Why BPA?

 

IMPROVING THE HEALTH OF OUR NATION

  • Cannabis-based medicines can be effective additions to the treatment of a variety of serious health conditions (e.g. chronic pain, epilepsy, multiple sclerosis, anxiety), with growing real world and clinical evidence and success in countries like Australia and Germany.
  • Substantial unmet medical needs in UK for treatment of chronic pain. This is nothing short of a silent epidemic, with 8 million sufferers and limited treatment options given the significant downsides of opioid-based medicines. A recent study of more than 400 UK medical cannabis patients with chronic pain showed 60% stopped all usage of opioid-based medicines and there was a statistically significant reduction in usage across the patients in the study. (SAGE Journal, Drug Science 2023)
  • Difficult and untreated conditions like chronic pain are incredibly costly for an NHS budget under pressure, costing an estimated £10bn per year (British Pain Society 2018). Cannabis-based medicines could provide an affordable alternative to other interventions.

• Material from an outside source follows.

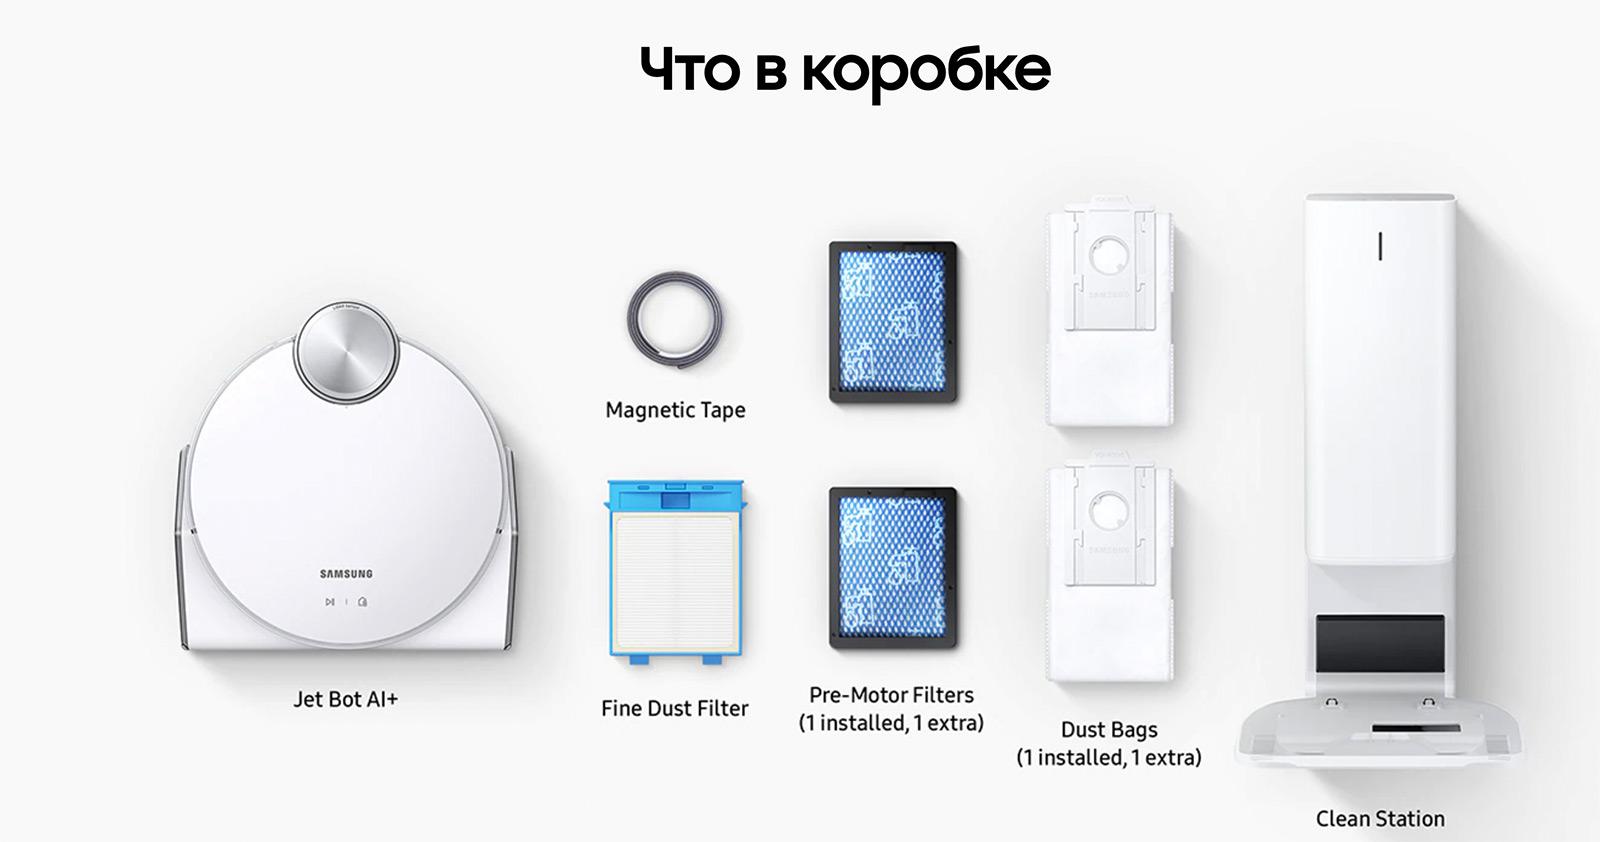 138620 Обзор робота-пылесоса Samsung JetBotAI+ (VR9500T)

  • Direct economic benefit from helping people get back to work who are suffering with chronic conditions, and off the state welfare system for support.

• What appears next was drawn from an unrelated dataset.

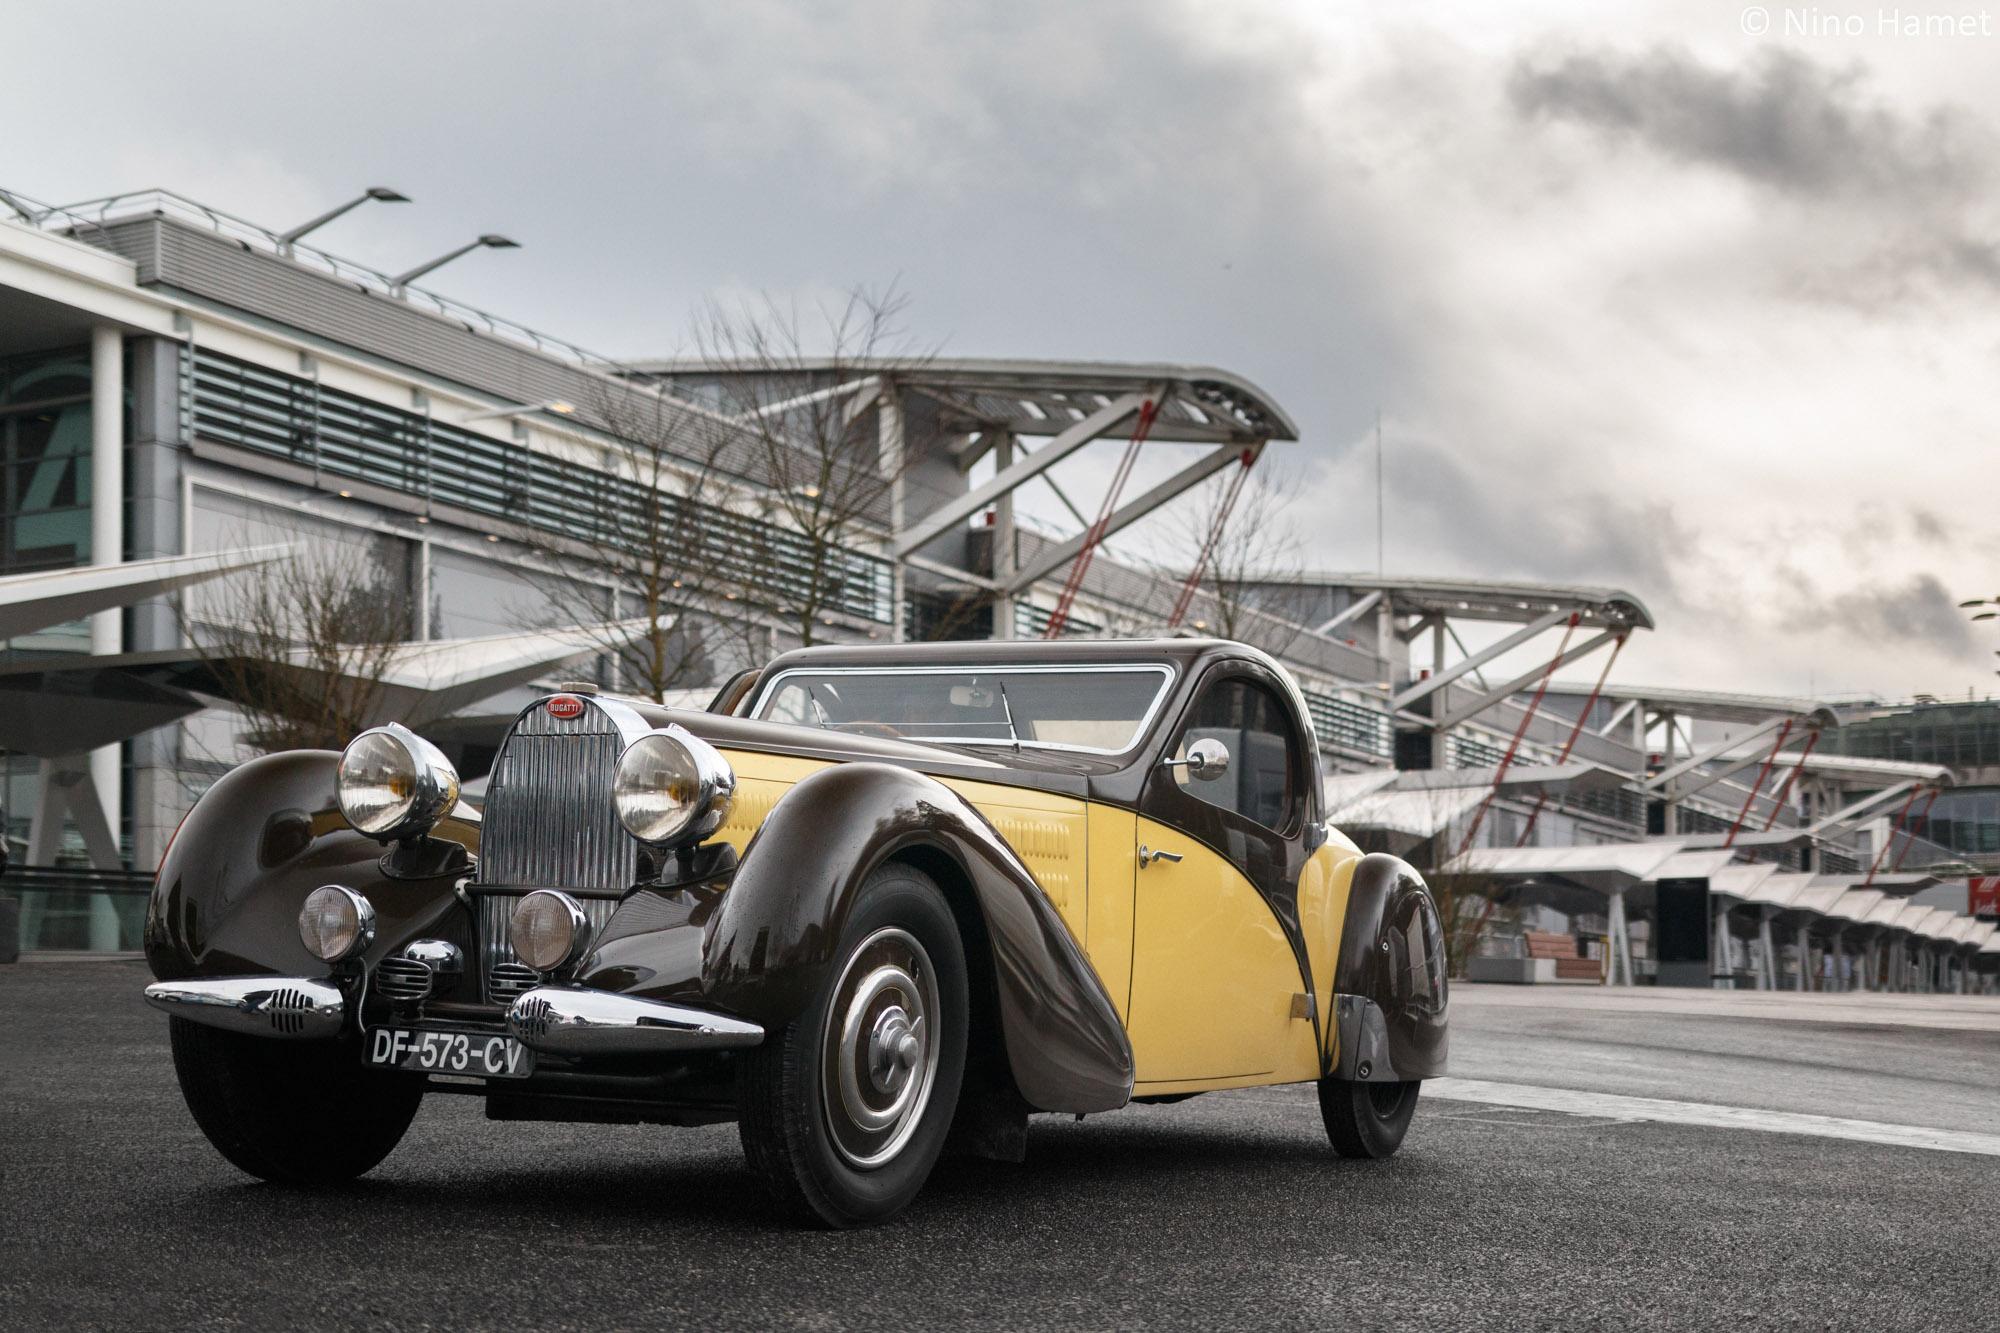 Cette Bugatti Type 57 Atalante, estimée 1 M € - 1.5 M €, sera adjugée 2 000 000 d'euros !

DRIVING ECONOMIC GROWTH AND INNOVATION

  • Substantial economic potential from the R&D, manufacturing and export of cannabis-based medicines. The global pharmaceutical cannabis industry is forecast to be worth $53 billion globally by 2027 (Transparency Market Research).
  • Innovative British companies could be at the forefront of this global growth, with a world-leading life sciences environment and a legal, Government-regulated framework.
  • Large-scale job creation from investment and economic growth, mostly highly-skilled life science jobs (e.g. R&D, agronomy) and particularly in rural and deprived UK areas in need of new private sector investment.
  • British-made medicines will reduce the current reliance on imported cannabis product, which harm patients through unacceptable delays, high costs and varying quality.

CUTTING CRIME

  • 8 million people currently self-medicate using illicit cannabis (YouGov 2022), with all the issues around criminal supply, questionable quality and unknown dosage that unfortunately go with it.
  • Reduced demand for illegally purchased cannabis by increasing highly-regulated pharmaceutical-grade medicines prescribed by doctors, striking a blow against the illicit drug trade and the widespread cases of trafficking and modern slavery, violence and urban street gangs, and home cultivation. It would also significantly free up police resource given that cannabis is the most seized drug in the UK.